What to do
Omitting all images, transcribe the listing word for word.

Material provided
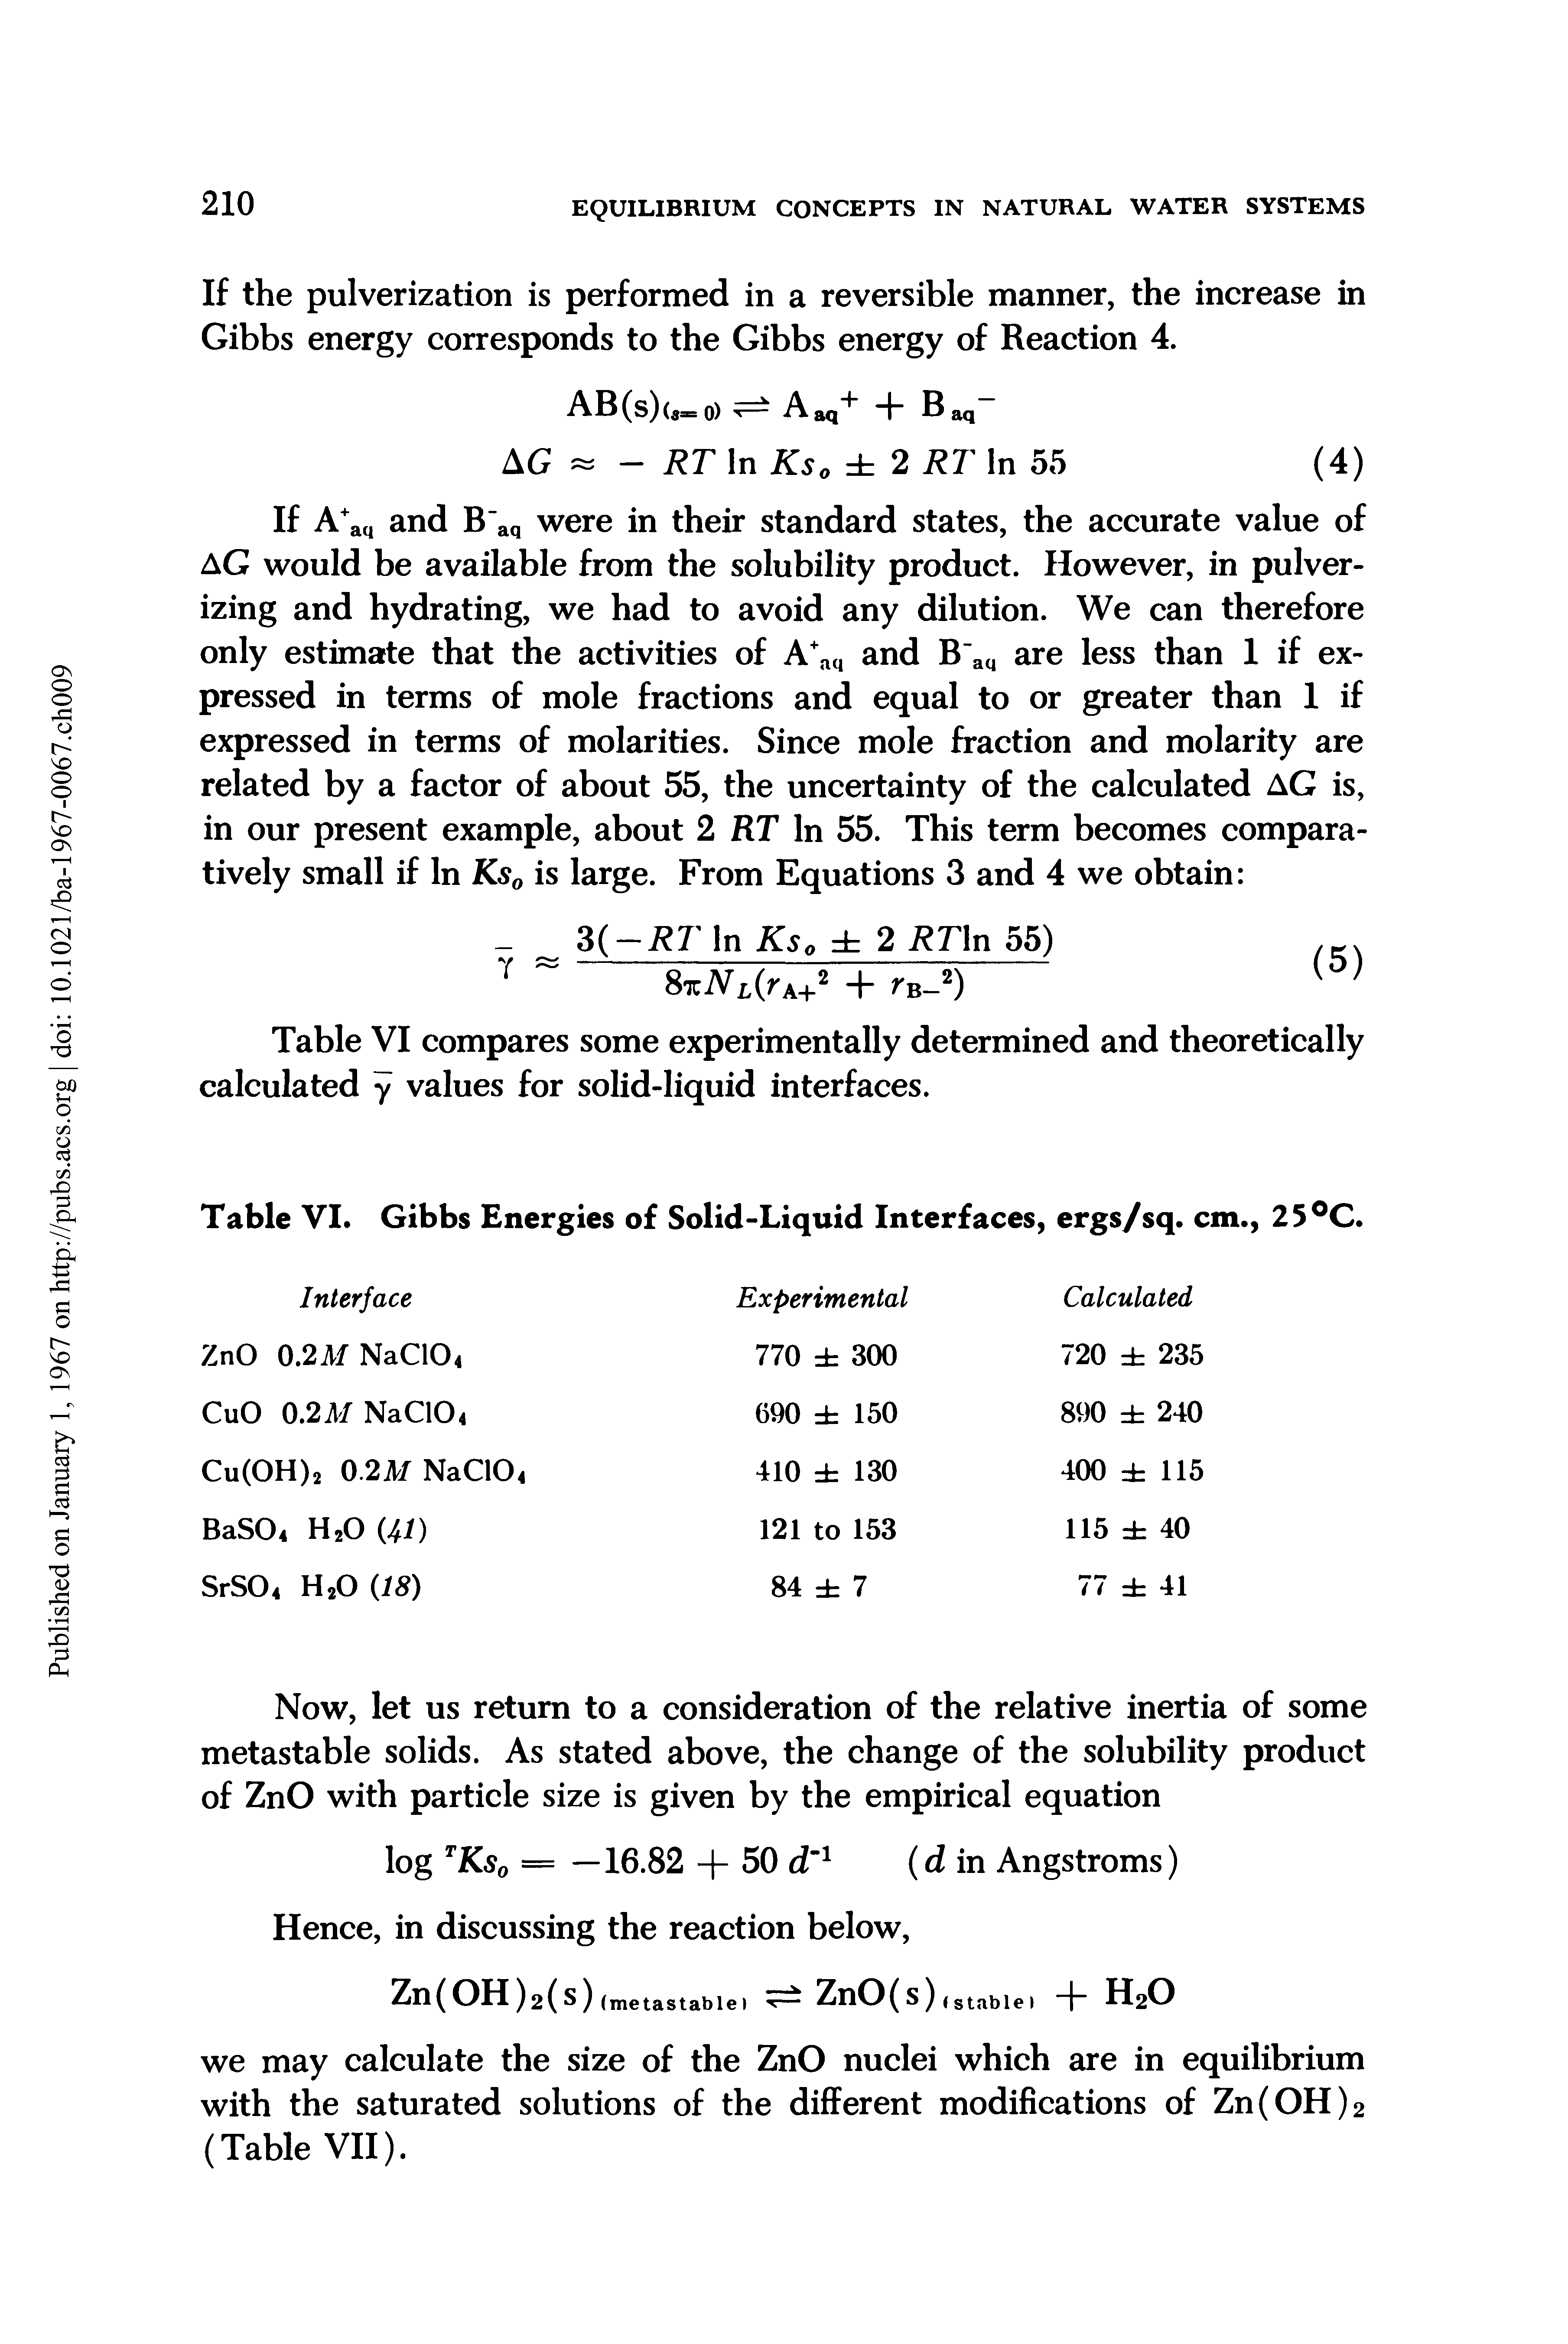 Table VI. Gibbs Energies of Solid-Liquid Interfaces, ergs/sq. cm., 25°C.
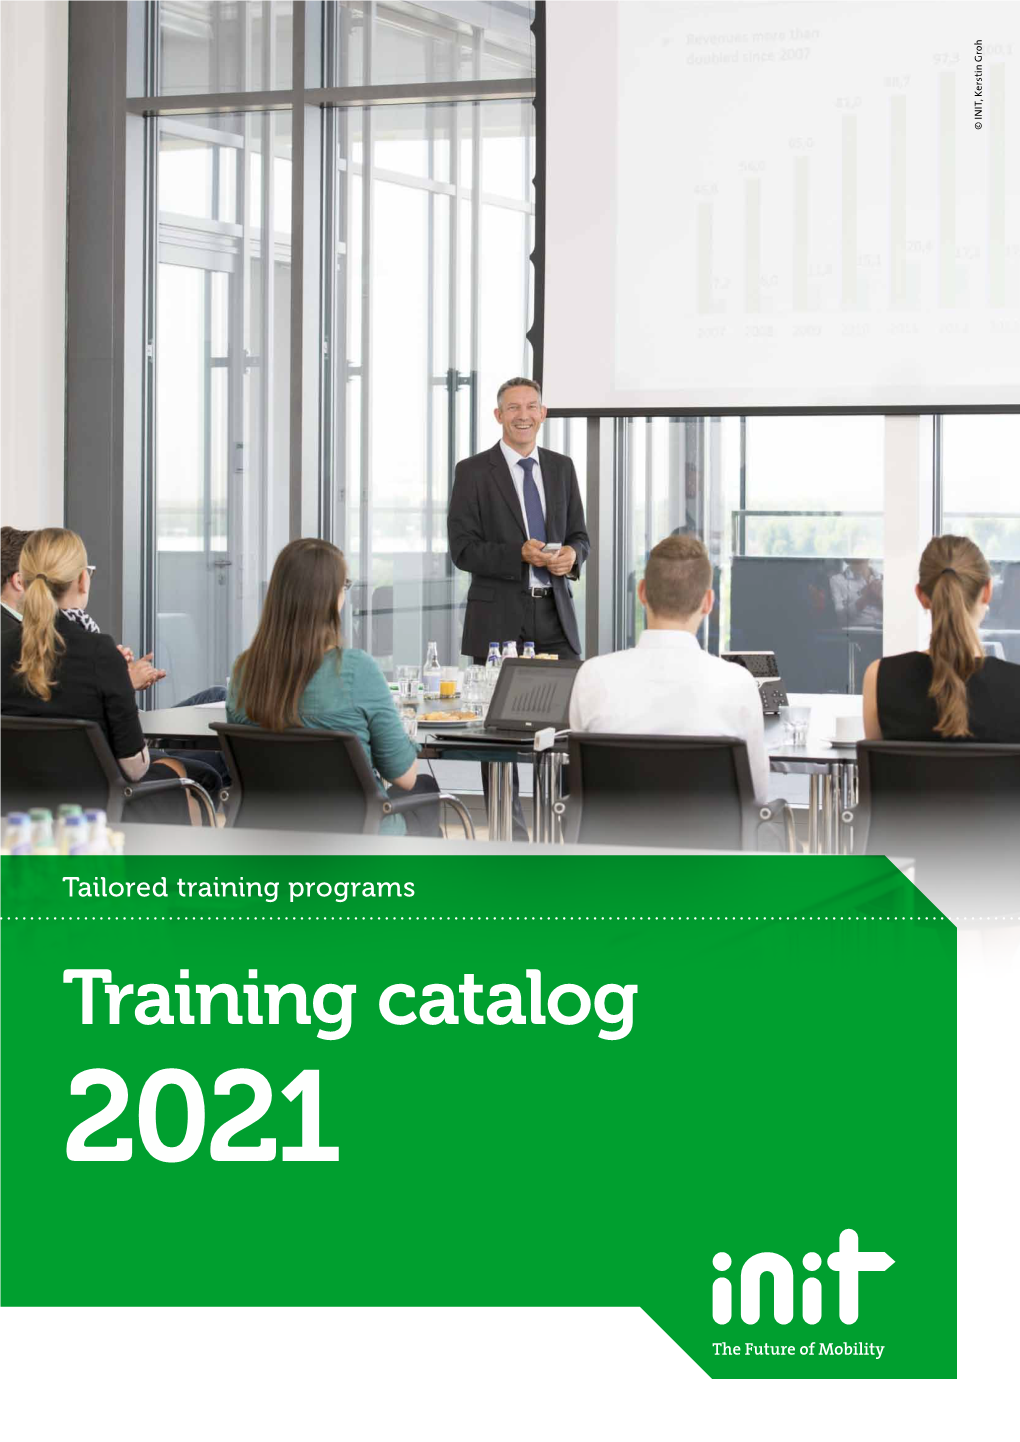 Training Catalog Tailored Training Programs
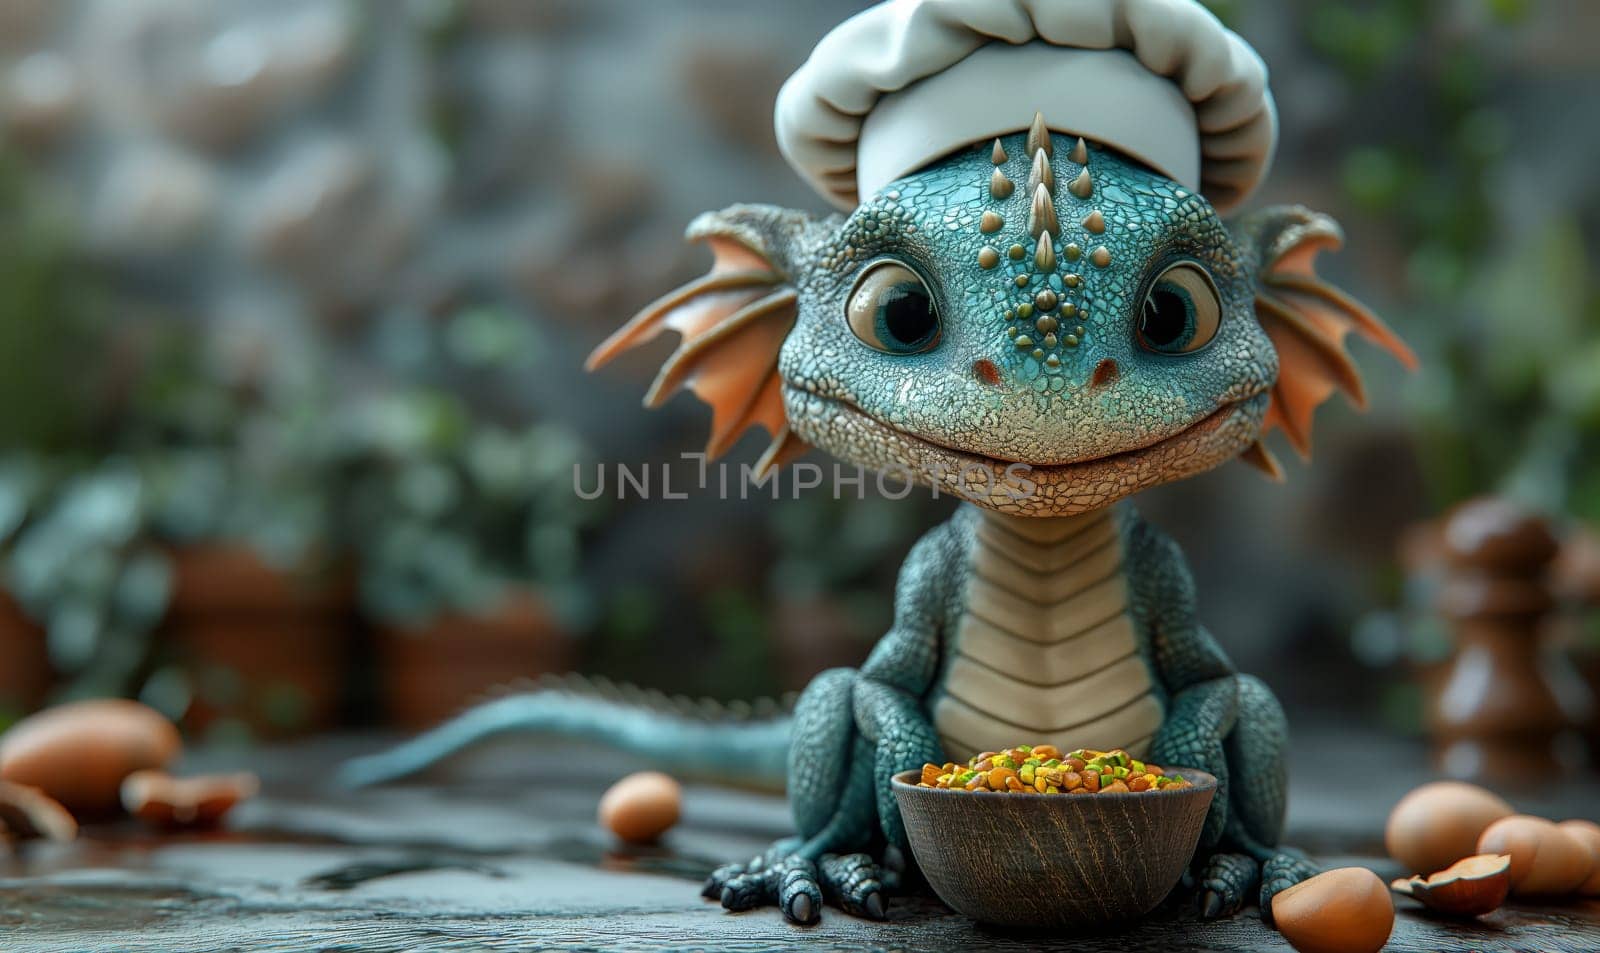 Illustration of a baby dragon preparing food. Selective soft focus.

Your solution
 Table VI. Gibbs Energies of Solid-Liquid Interfaces, ergs/sq. cm., 25°C.
 Training Catalog Tailored Training Programs
 Illustration of a baby dragon preparing food. Selective soft focus.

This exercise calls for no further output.